2. If he defends, track it "geographically" so the S-2 can see enemy weaknesses developing as they occur. For example, set up BDA charts to mirror the SITEMP. If the SITEMP shows the enemy defending with three MRCs abreast with a 3/8 (Tanks/BMPs) in each MRC, we should set up our BDA charts showing three MRCs abreast, with start strengths of 3/8 in each MRC. Draw and number each vehicle in each BP (Figure 22). As the fight progresses and we find that our SITEMP requires adjusting, make the same adjustment to the BDA chart. This is critical because it allows us to assess where our enemy may be weak or strong, and provides the commander an opportunity to make key decisions that may trigger key events.
Labeling the Enemy
S-2s should carefully label the enemy when tracking it, because as the fight develops, certain labels may become confusing. For example, during an enemy attack, a Trail MRB may be the first element to break through our defense, and is no longer a trail MRB. A better technique is to label it MRB No. 4. In an enemy MRB defense, what we labeled the Center MRC may become a meaningless term after an hour of repositioning and become the northern MRC. A better technique is to label it MRC No. 2. When the enemy is defending, our SITEMP may (and probably will) change during the battle. To communicate these changes effectively, we recommend passing the grids for the end points of enemy defensive positions, their orientation, and current strength. For example: MRC No. 1 from NK 123456 to NK 128473, oriented WNW, contains a 1/5.

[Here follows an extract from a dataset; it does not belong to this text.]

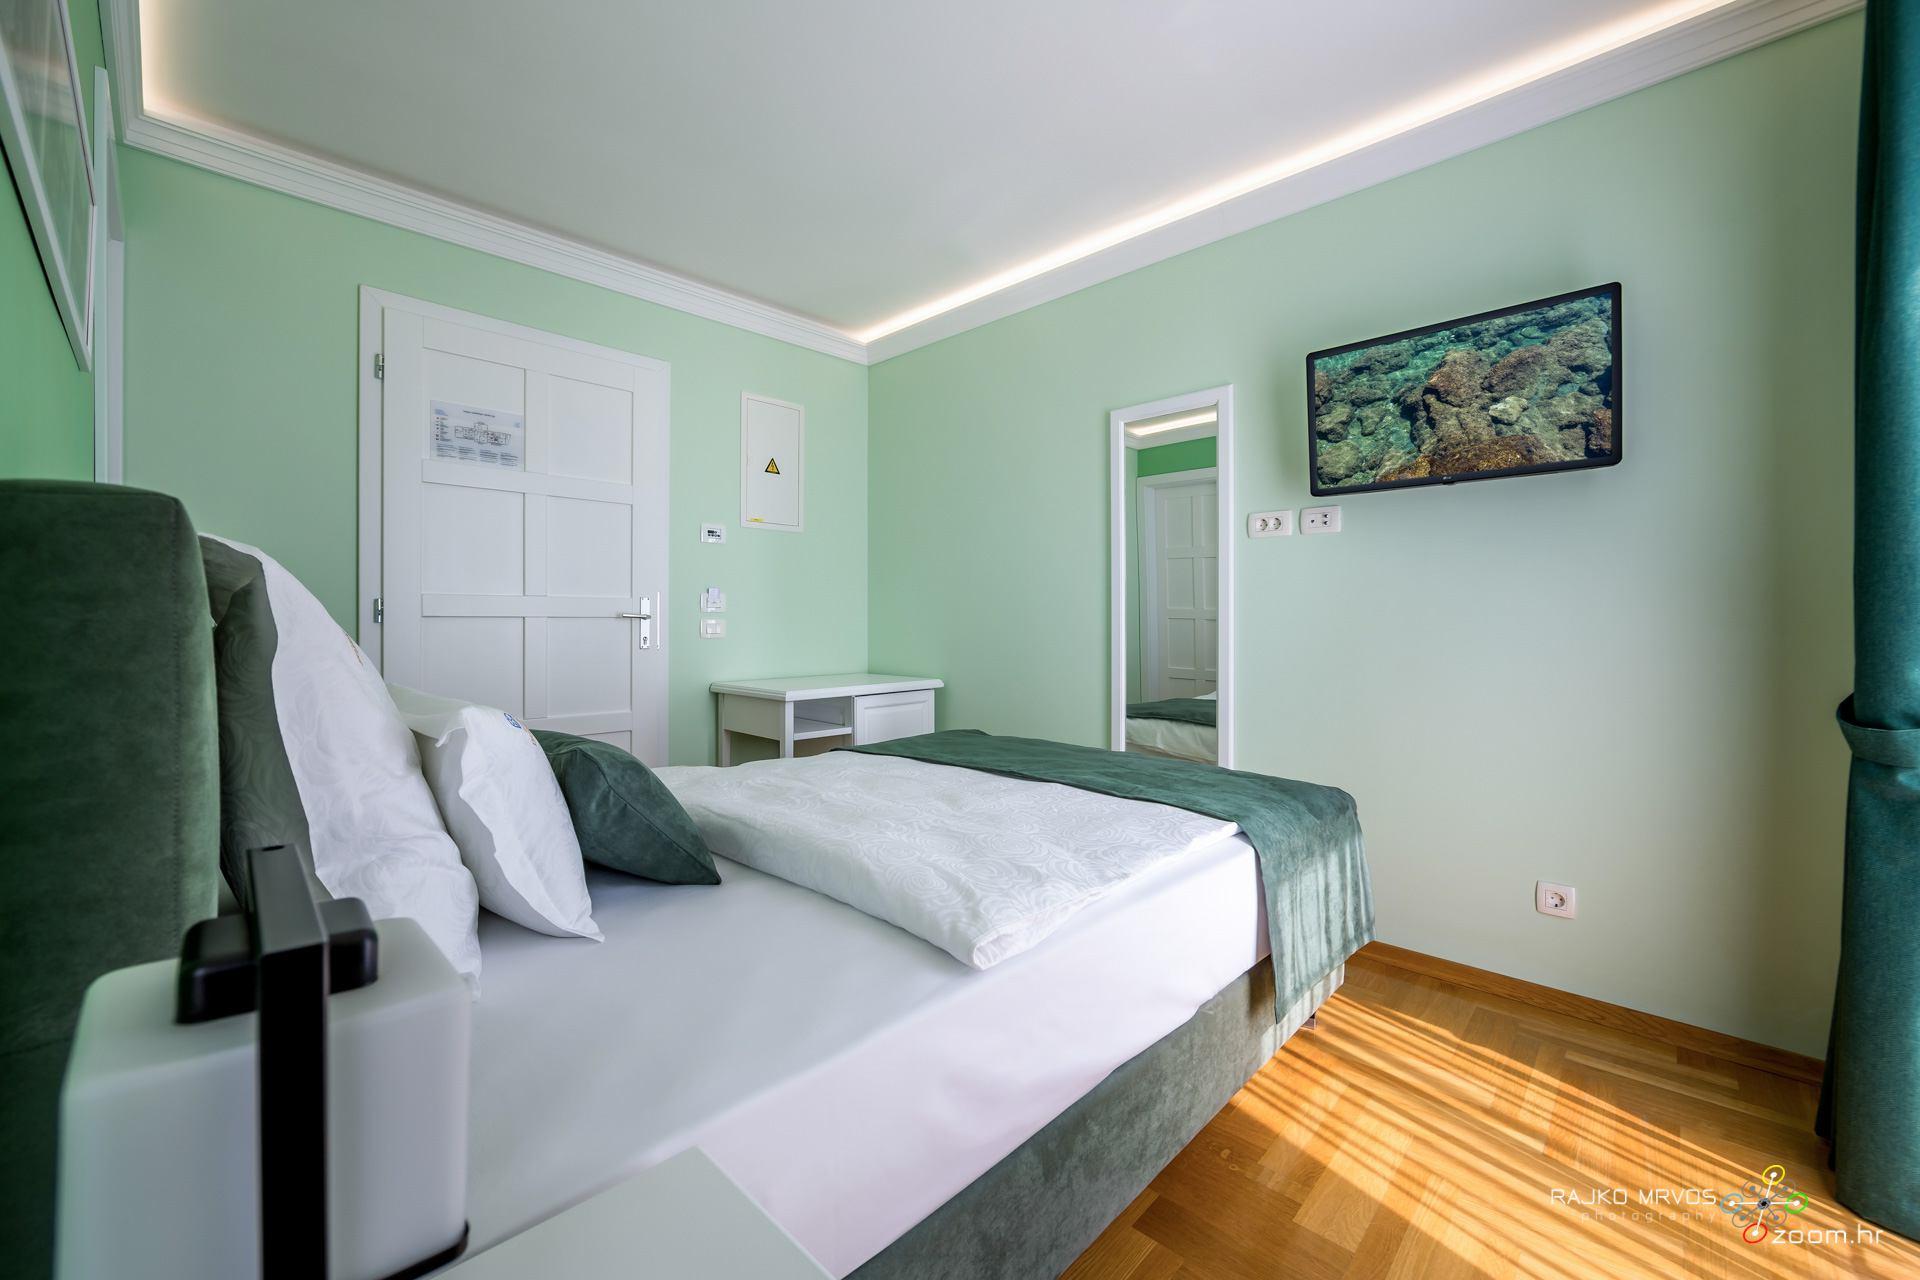 profesionalno-fotografiranje-hotela-fotograf-hotela-Hotel-Domino-Opatija-66

First of all, don't simply disseminate spot reports received. All too often, we see S-2s who get a great piece of information, and simply make sure that the commander and other S-2s have the information, and consider our job done. Things that may seem obvious to us may not be to our commander who is bouncing over the battlefield in his M113, or even worse, running from an enemy tank. We're paid to do the analysis for him, so let's go beyond reporting history. We're pretty good at telling him what has happened, and reasonably good at telling him what is happening, but need to work on telling him what will happen. It seems simplistic, and you may be saying to yourself, "Of course! Who wouldn't do that?" The answer is that most of us don't. It's not that we can't, but we simply don't. We need to discipline ourselves to ask ourselves what will happen based on every piece of information we receive. If we keep asking ourselves that question, and then informing the command of what we think will happen in the future, we will be a long way toward what we need to be providing to our commanders and staffs. Fifteen seconds of analysis on the command net on a regular basis will keep us focused on what our commanders need to fight and win.
IPB has come a long way since its adoption. FM 34-130 does a great job of laying out a lot of the "what-to's" that we've needed for a long time. Although it states why we do IPB, we think we're missing the larger point. It isn't just support to decisionmaking -- it's creating the vision of the terrain, weather, and how the enemy can fight, and the ability to communicate that information effectively. We believe the TTP discussed will help S-2s establish what's necessary to create the IPB vision, and to communicate it quickly and effectively to commanders and staffs.